Noninvasive testing such as coronary CTA (CCTA) has emerged as a powerful tool to identify multiple high-risk plaque features that include positive remodeling, low attenuation plaques that indicate lipid-rich cores, napkin ring sign that represents rim enhancement around the necrotic core, and spotty calcification as mentioned previously.⁶ These features can independently predict MACE beyond traditional risk factors and coronary calcium scoring.

TREATMENT STRATEGIES

Lipid-Lowering Therapy

High-intensity statin therapy targeting LDL cholesterol < 70 mg/dL (or < 55 mg/dL in very high-risk patients) is the cornerstone of plaque stabilization.^19,20 Serial imaging studies have demonstrated plaque regression with aggressive statin therapy. PCSK9 inhibitors provide additional LDL reduction in patients who require aggressive lipid management or who cannot tolerate statin therapy.²¹

Anti-Inflammatory Therapies

Canakinumab. Canakinumab is a monoclonal antibody that selectively inhibits interleukin-1ß (IL-1ß), a proinflammatory cytokine implicated in atherosclerotic plaque development and destabilization.⁷ It reduces systemic inflammation and dampens the inflammatory cascade in the arterial wall by blocking IL-1ß signaling. This helps stabilize vulnerable plaques that are prone to rupture.^9,22 The CANTOS trial demonstrated that patients with prior MI and elevated hsCRP who received canakinumab (150 mg every 3 months) experienced a 15% reduction in recurrent cardiovascular events (hazard ratio [HR], 0.85; 95% CI, 0.74-0.98; P = .021), independent of lipid-lowering effects.^7,23 The proposed underlying anti-inflammatory mechanism appears to work by reducing inflammatory cell recruitment, decreasing matrix metalloproteinase activity, and promoting a more stable plaque phenotype with thicker fibrous caps and smaller necrotic cores.^22-24 These findings support the inflammatory hypothesis of atherosclerosis and suggest that a targeted anti-inflammatory therapy could be a complementary strategy in lipid management to prevent progression of atherosclerosis.^7,25 However, despite these potential benefits, canakinumab has remained cost-prohibitive and is not yet approved for routine use.

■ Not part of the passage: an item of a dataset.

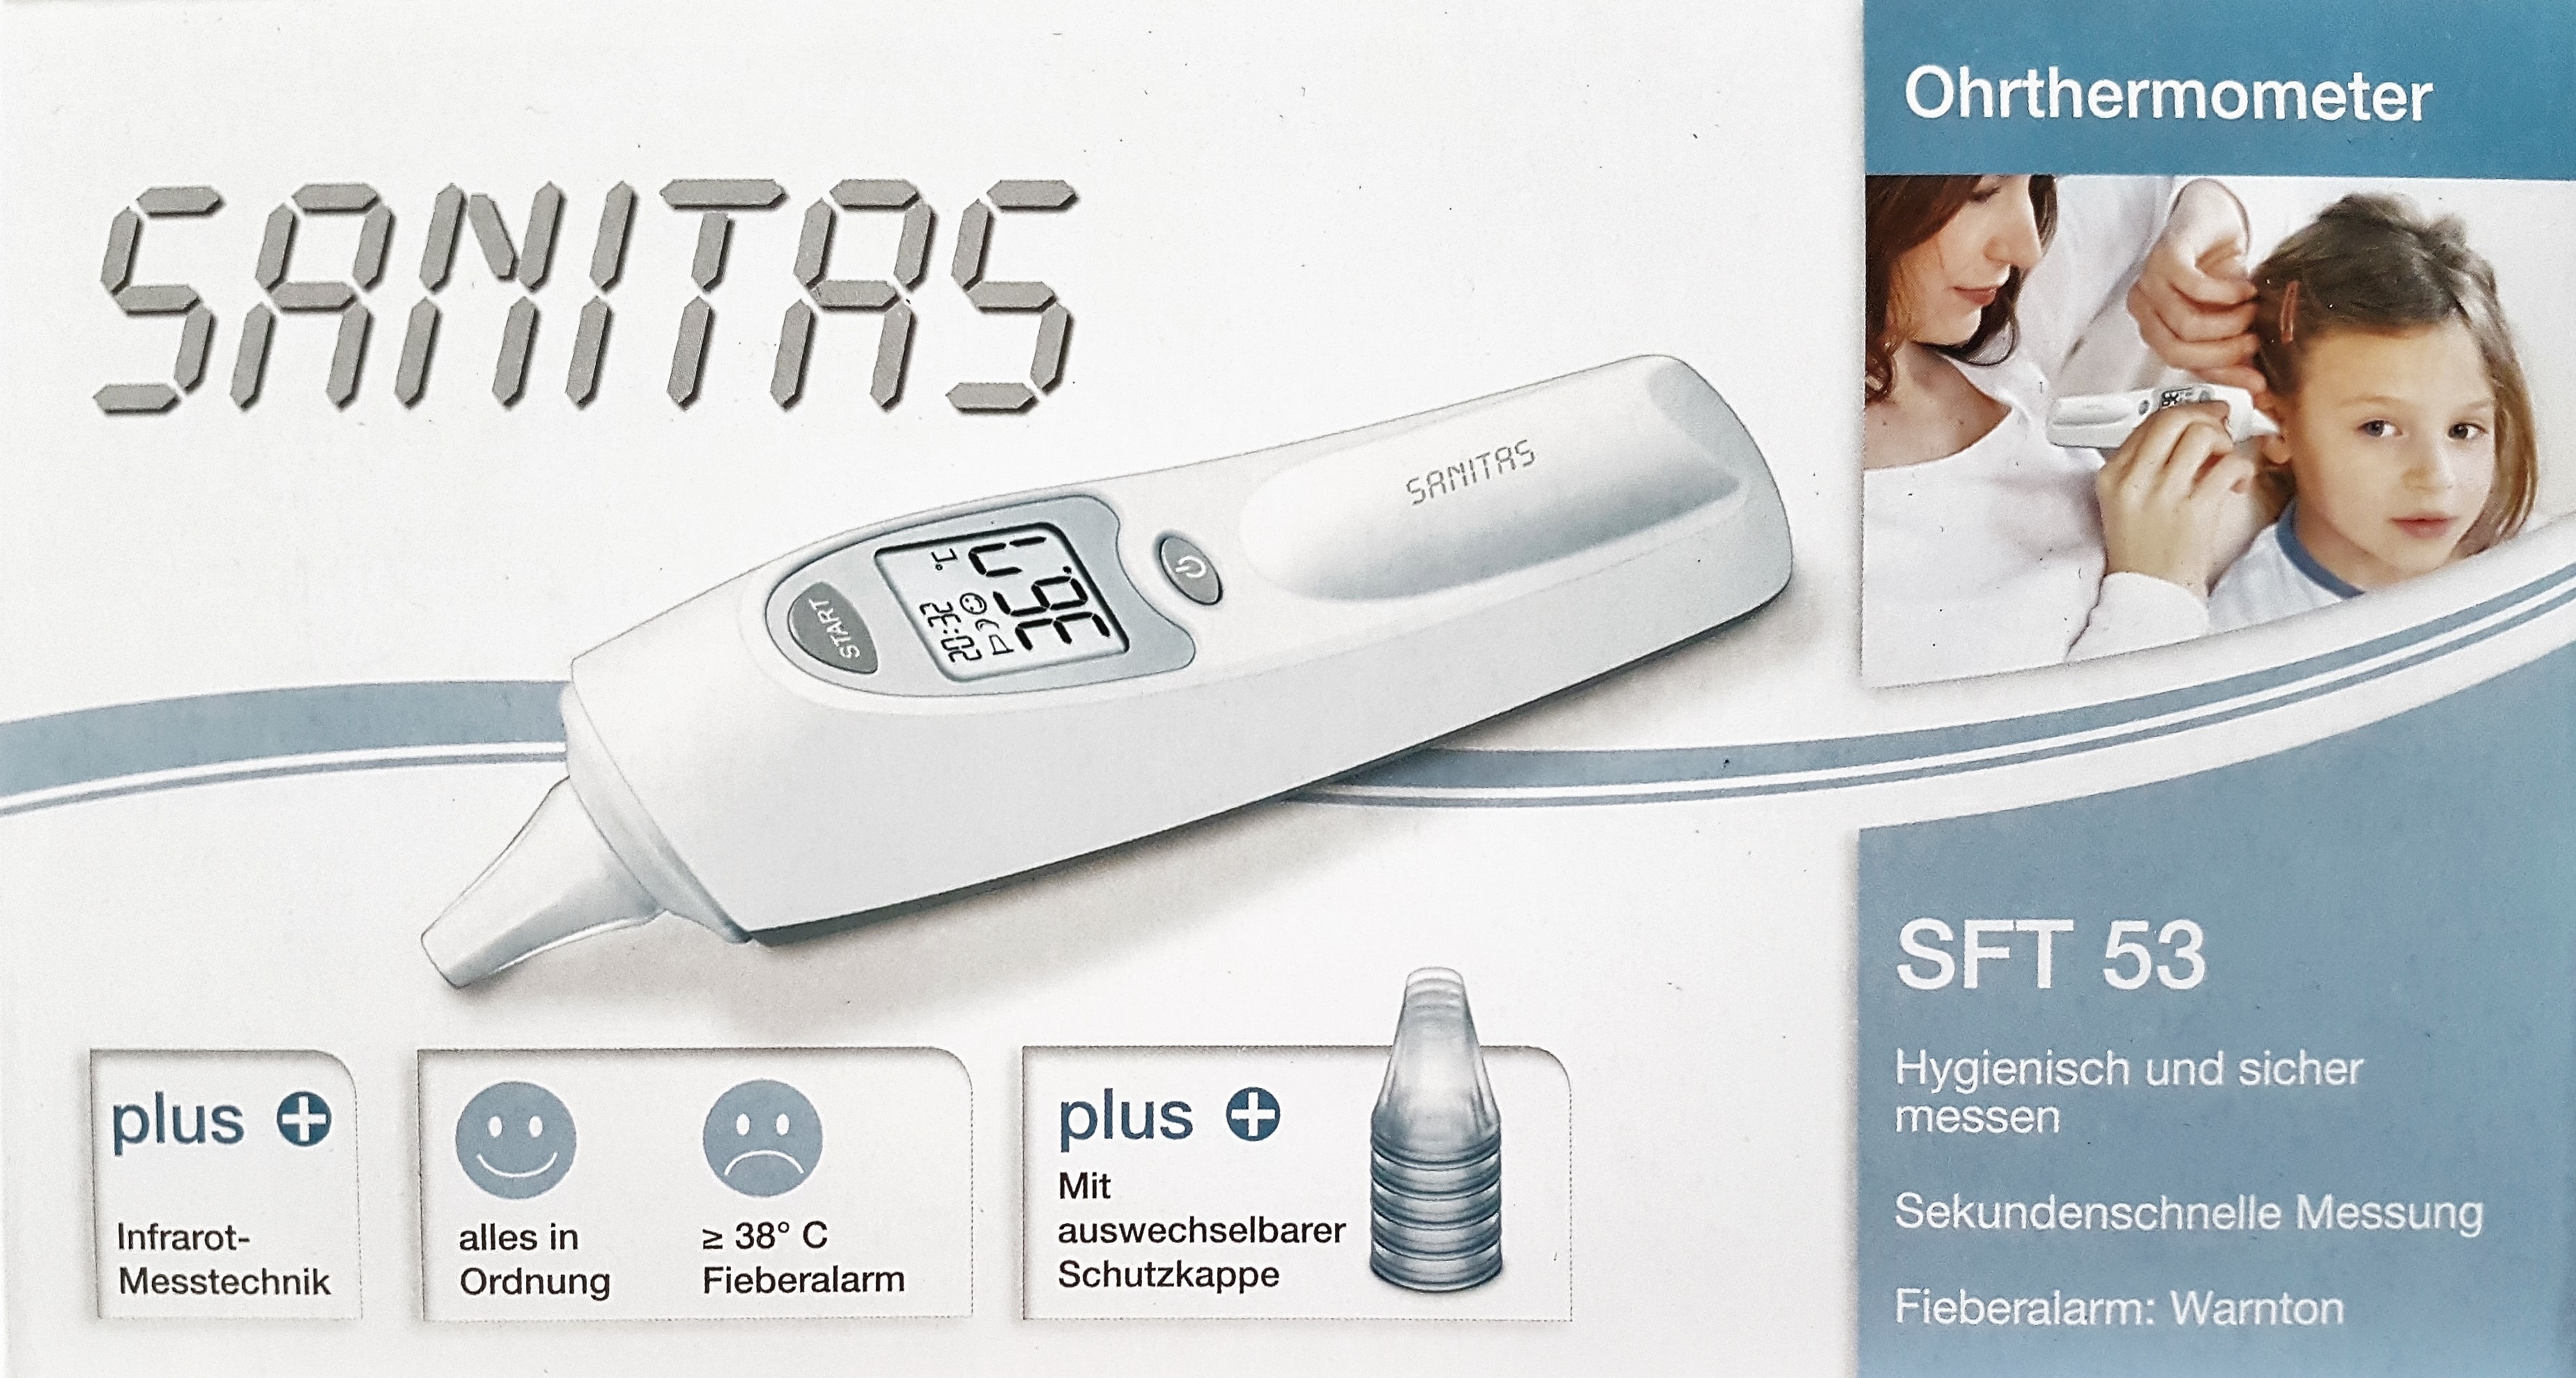 Sanitas Ohrthermometer für Kinder oder Erwachsene. Hygienisch und sicher  messen mit Infrarot Messtechnik. In 1 Sekunde Ergebnis. | Buymix | Fieberthermometer

Colchicine. Colchicine is a well-established anti-inflammatory agent that has emerged as a promising therapeutic option for secondary prevention in patients with atherosclerotic cardiovascular disease.²⁶ It attenuates the inflammatory cascade that drives plaque progression and destabilization by inhibiting microtubule polymerization and reducing neutrophil activity.²⁷ COLCOT and LoDoCo2 are landmark trials that demonstrated low-dose colchicine (0.5 mg daily) significantly reduces MACE, including MI and stroke, in patients with established coronary artery disease.^28,29 In contrast, the CLEAR trial showed no benefit of colchicine in reducing MACE when initiated early after acute MI.³⁰ Current evidence supports consideration of colchicine as an adjunct to standard therapies in patients with recent MI or chronic coronary artery disease, particularly in those with residual inflammatory risk despite optimal lipid-lowering therapy.^26,31 However, clinicians must weigh in potential benefits against the risks of gastrointestinal adverse effects and drug-to-drug interactions, particularly in patients with renal/hepatic dysfunction.³²

Glucose-lowering agents. Glucose-lowering agents play a critical role in managing atherosclerotic cardiovascular disease in patients with type 2 diabetes mellitus. Glucagon-like peptide-1 receptor (GLP-1) agonists have demonstrated significant cardiovascular benefits, including reduction in MACE through mechanisms involving plaque stabilization and improvement in endothelial function.³³ Sodium-glucose cotransporter-2 (SGLT2) inhibitors have similarly been shown to reduce cardiovascular risk independent of their glucose-lowering effects. Examples include empagliflozin and canagliflozin. The mechanisms encompass effects on blood pressure, arterial stiffness, and oxidative stress.³⁴ Metformin, the first-line therapy for type 2 diabetes, with proposed mechanisms including improving insulin sensitivity and reducing hepatic glucose production, has well-known cardiovascular benefits.³⁵ GLP-1 agonists and SGLT2 inhibitors are recommended by current guidelines in patients with established atherosclerotic cardiovascular disease or at high atherosclerotic cardiovascular disease risk, independent of hemoglobin A1c.³⁶ Selection of these agents should be individualized based on atherosclerotic cardiovascular disease risk factors and comorbidities to optimize both glycemic control and cardiovascular outcomes.³⁷

Blood Pressure Control and Metabolic Management

Blood pressure < 130/80 mm Hg has been shown to reduce hemodynamic stress on vulnerable plaques.³⁸ Renin-angiotensin inhibitors provide additional benefits through effects on endothelial function. Antiplatelet therapy with aspirin and P2Y12 inhibitors remains fundamental in patients with ACS after percutaneous intervention.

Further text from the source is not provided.